On Tue, 2017-01-17 at 18:49 -0500, Tom Horsley wrote:
I saw a blog post that claimed virt-manager 1.4 has the
support for 3D video acceleration in virtual machines,
then I saw lots of comments in the blog saying that
it won't work without libvirt support. Since I always
thought virt-manager just called libvirt to do everything
that confused the heck out of me :-).
Are there instructions of dummies anywhere about how
to get 3D working in a virtual machine?
Is there any chance it will ever work in a Windows
virtual machine (the only reason I have a Windows hardware
box is because I need to run an app that insists on 3D
support).
I've also been looking at this but the situation is pretty murky at the
moment as far as I can see. First of all, you need vfio support (could
that be what you were thinking of) but KVM now has that. However to be
able to run native-speed accelerated graphics you also need the
hypervisor to support mapping the video hardware directly into the VM's
address space without interference from the host system.

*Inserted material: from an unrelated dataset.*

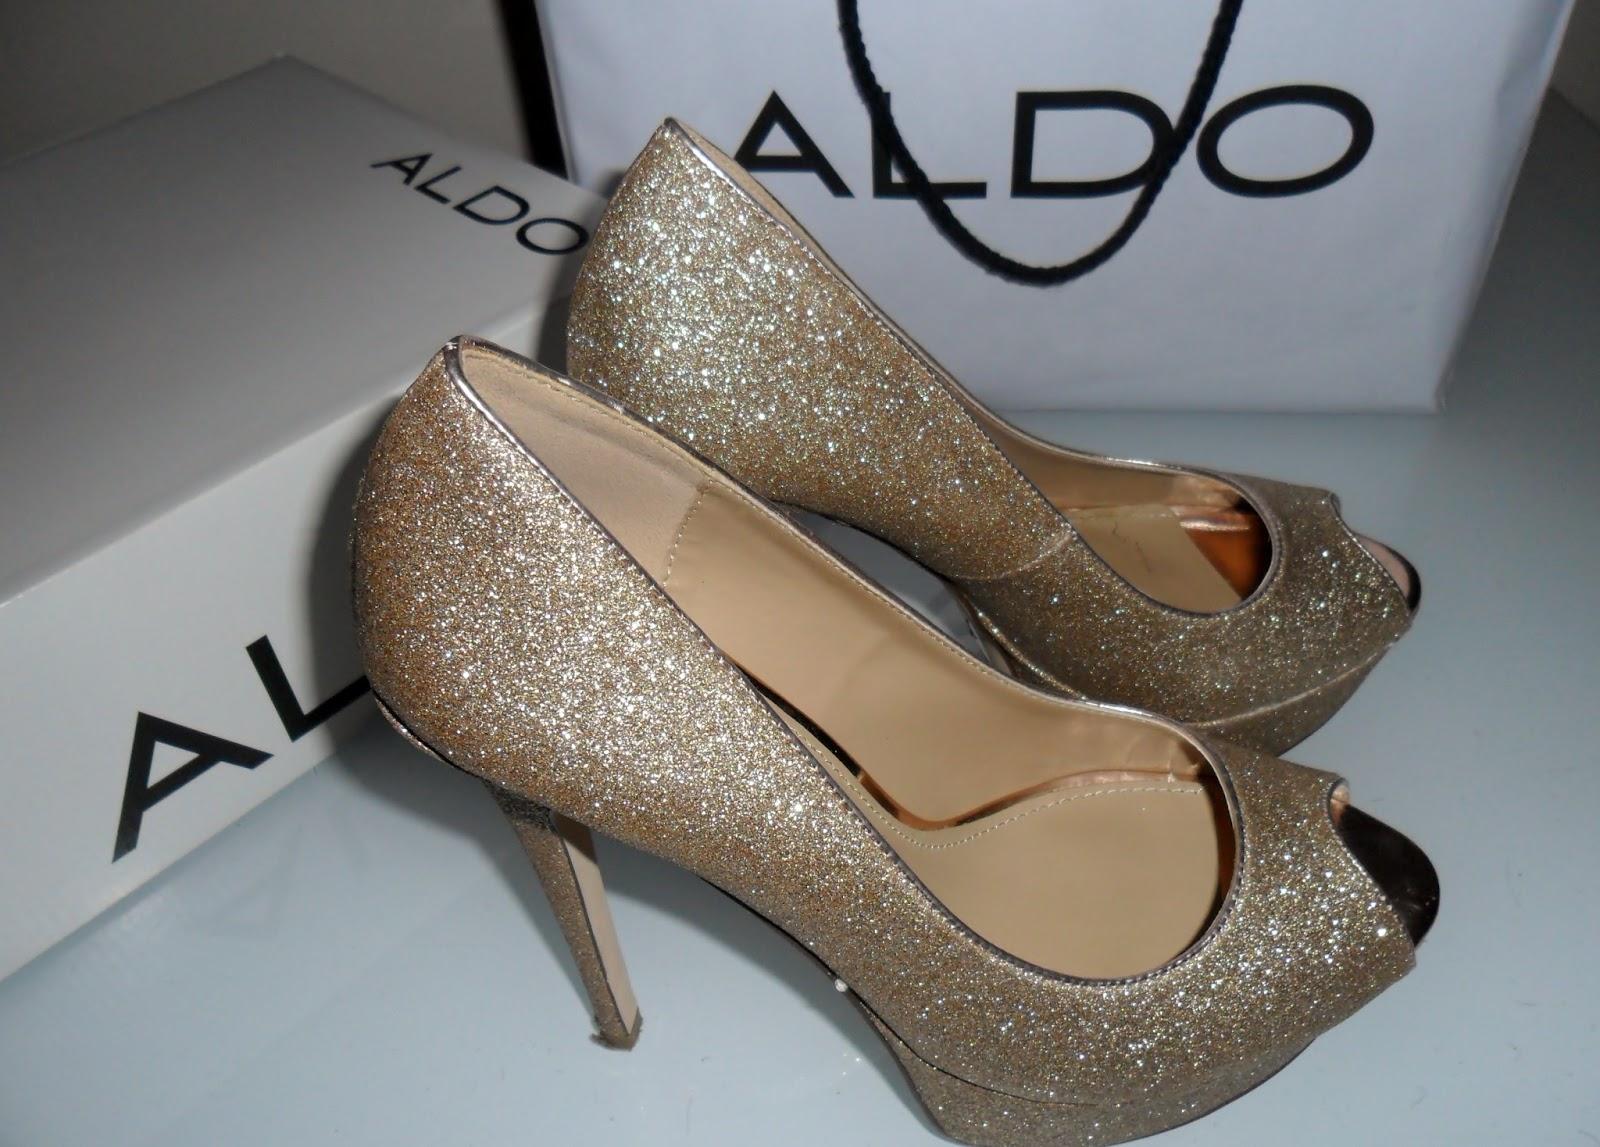 Aldo Shoes Review

This is
complicated to say the least. Some people have got it working by using
a motherboard GPU for the host and an additional GPU for the guest,
possibly with an extra monitor. This requires a feature called VT-d on
your Intel mobo (Note: *not* the same as VT-x), plus IOMMU enabled in
the BIOS, and h/w support in the card, plus a bunch of kernel mods to
enable all of this. Here's a 5-part blog by Alex Williamson to give you
an idea of how hairy it is:
https://vfio.blogspot.co.uk/2015/05/vfio-gpu-how-to-series-part-1-hardw
are.html
TL;DR: forget about getting accelerated graphics from sharing a single
GPU between host and guest. It ain't gonna happen.